Read Julie Tetel Andersen's short story, The Wedding Night, for FREE



Julie Tetel Andresen’s seemingly disparate writing activities – fiction, non-fiction and essays in foreign languages – all arise from a unified sense of her writing self.

As a professional linguist, she loves language, while as a romance writer she loves the language of love; and when learning a foreign language, she loves nothing more than exploring the limits of her ability to express herself in that language on paper.

In her academic writing, she has long been devoted to exploring the history of linguistics, and this disciplinary exploration parallels her devotion to writing historical novels. In her most recent academic work “Linguistics and Evolution” (Cambridge 2014), she shows the ways that the history of linguistic theory and practice informs the current state of the discipline, and this sense of the past pressing on the present informs her time-slip series.

Her writing activities have always been entwined temporally. She wrote her first historical “My Lord Roland” while writing her PhD dissertation “Linguistic Crossroads of the Eighteenth Century,” and all her early academic articles were written mostly in French. Twenty novels and dozens of journal articles later, she wrote her Regency novella “French Lessons” while waiting for the 2012 autumn meeting of the Cambridge Press Syndicate to decide to issue her a contract for “Linguistics and Evolution.” At the same time, she happened to be in Ho Chi Minh City learning Vietnamese and happily writing her Vietnamese essays.

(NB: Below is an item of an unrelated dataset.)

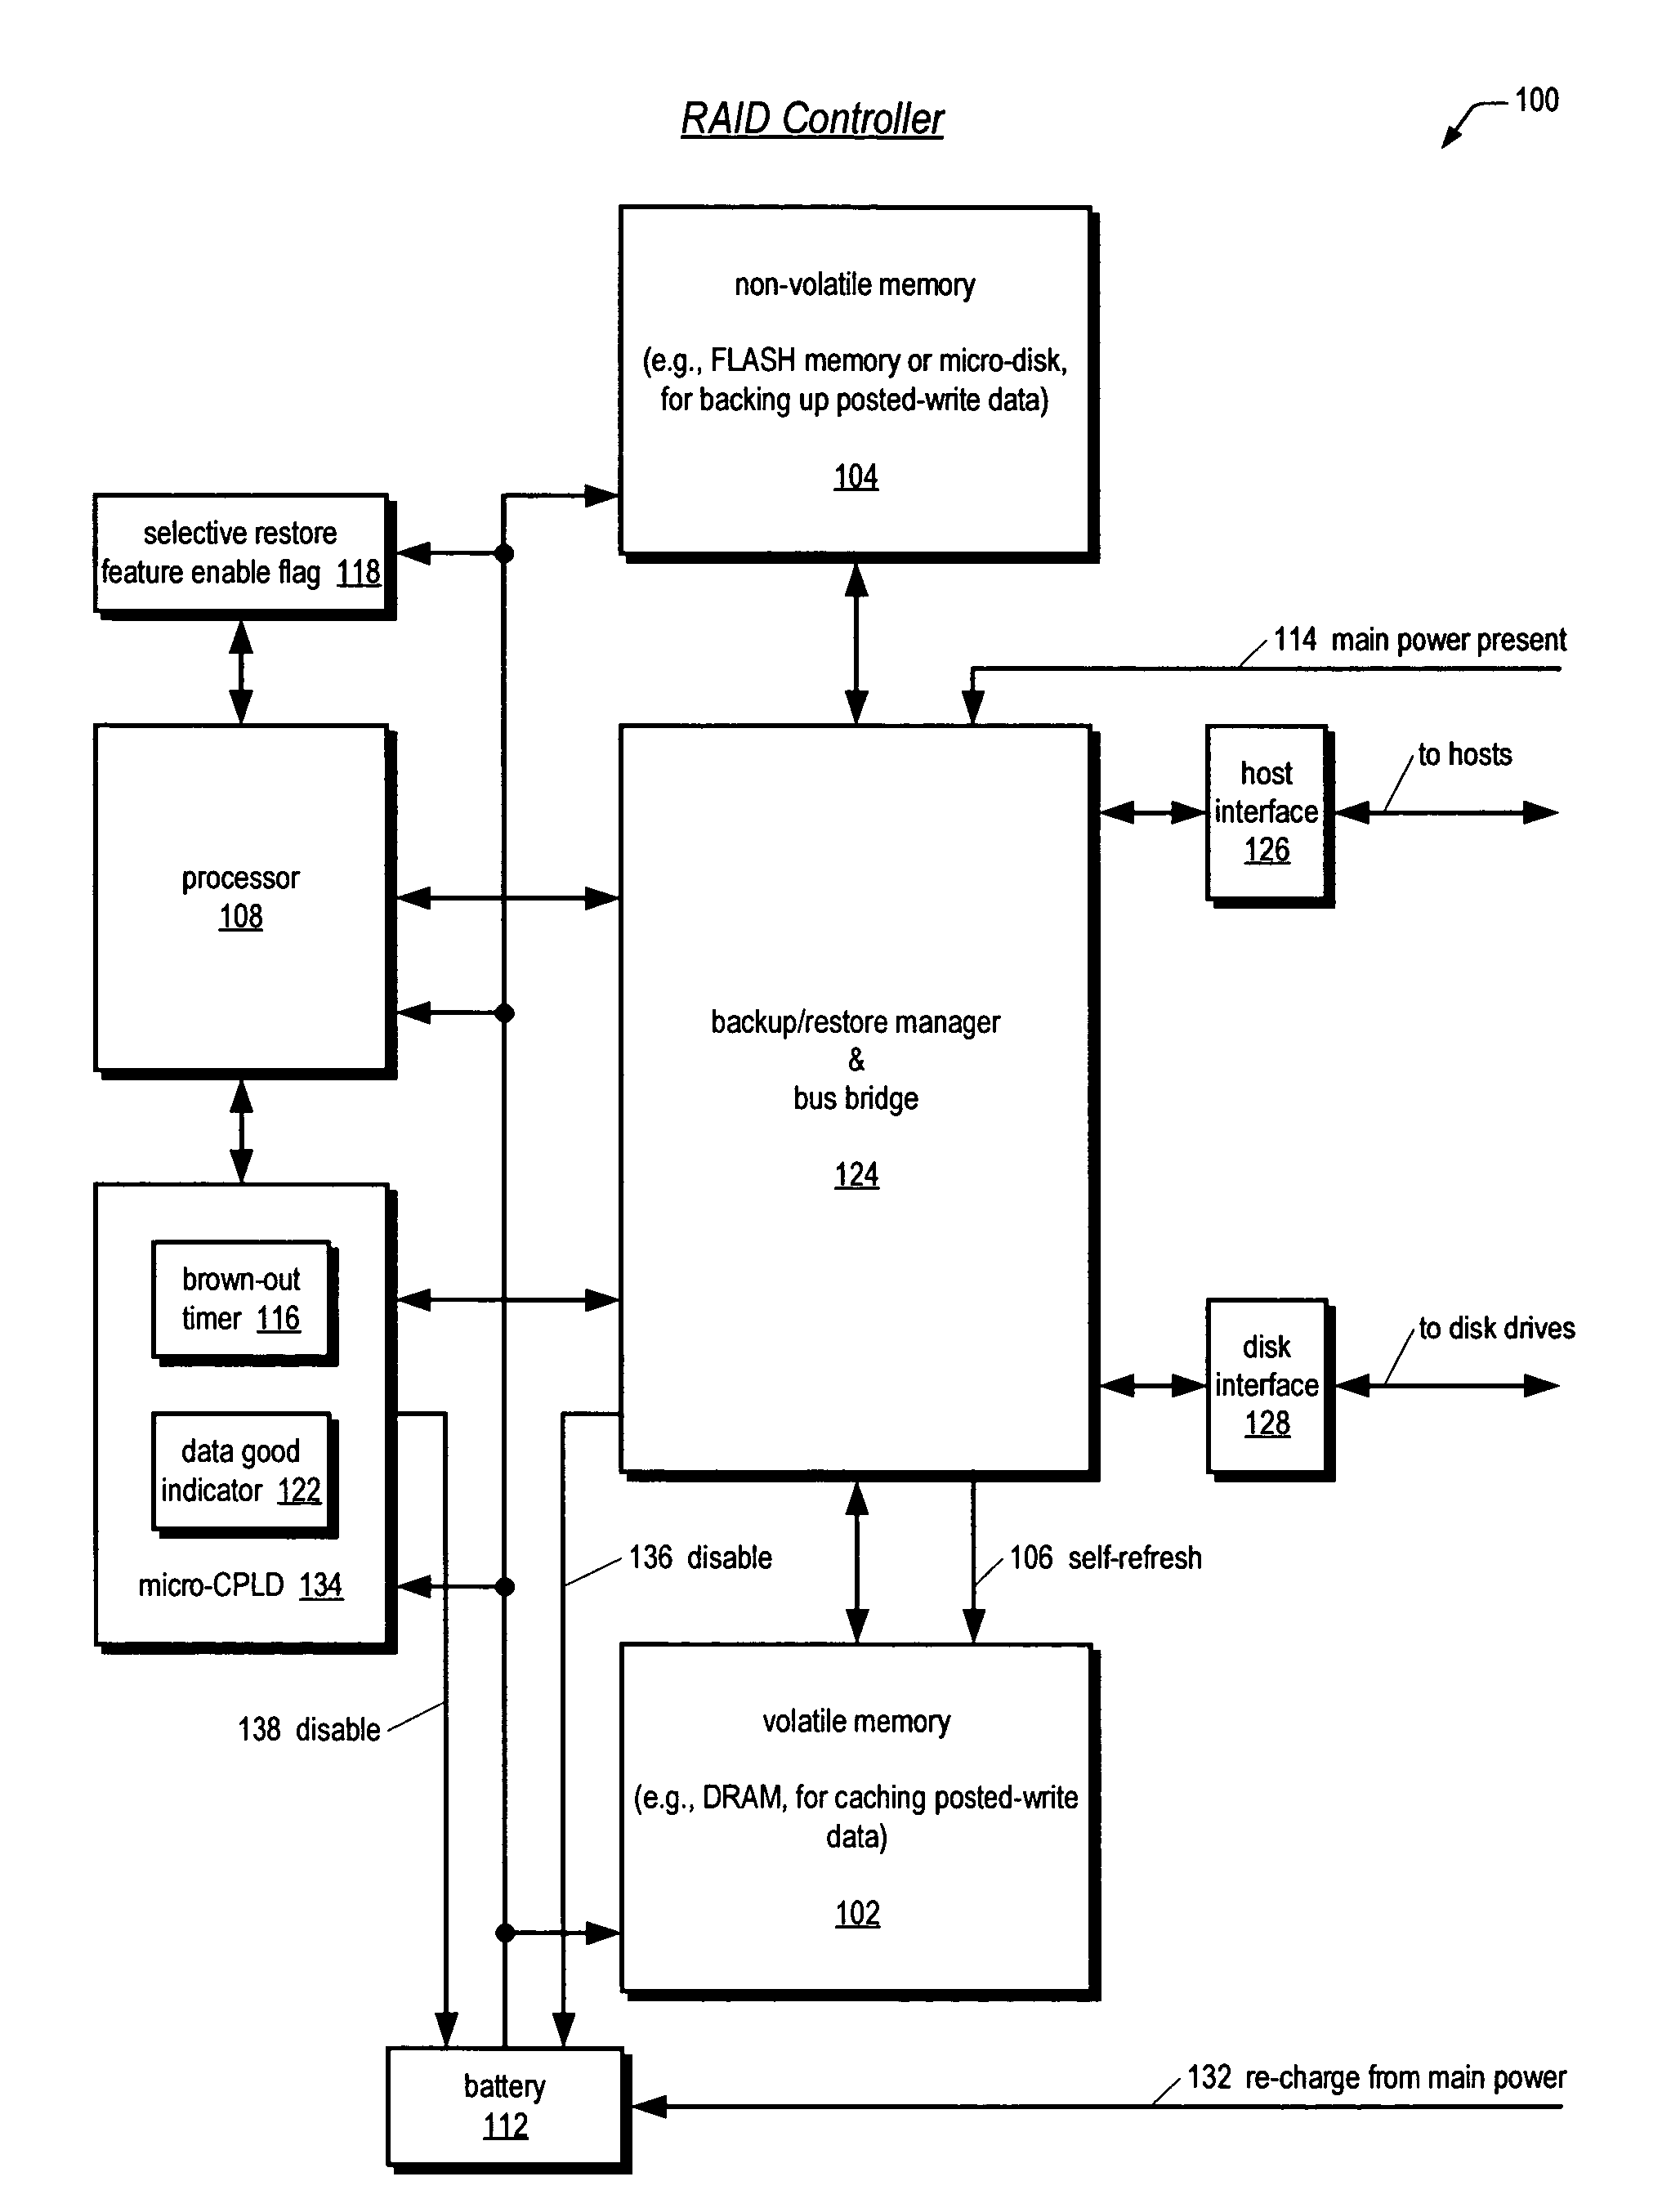 Apparatus and method in a cached raid controller utilizing a solid state backup device for improving data availability time

She firmly believes that one type of writing strengthens the others. Her historical novels have honed her craft of plotting and sub-plotting, while her time-slip series has given her the Kraft (in the German sense of the word 'power') to handle the long historical arc and multiple characters involved in “Linguistics and Evolution.” Her professional study of language, in turn, makes her sensitive to the vocabulary and rhythms of speech in other places and time periods; while writing in a foreign language – be it French, German, Romanian, or Vietnamese – is to her like the pianist warming up with scales and arpeggios or the yogini trying out a new asana. Can she get her leg behind her head in Romanian?

No? Well, then how about triangle pose? Can she get into full lotus in Vietnamese? Again, no? Let’s see about half-lotus.

Andresen grew up in Glenview, Ill. She holds a bachelor of arts degree from Duke University and a doctorate from the University of North Carolina, Chapel Hill. She has taught at Duke University for the past 20 years where she specializes in linguistics.

Find out more on Julie's WEBSITE.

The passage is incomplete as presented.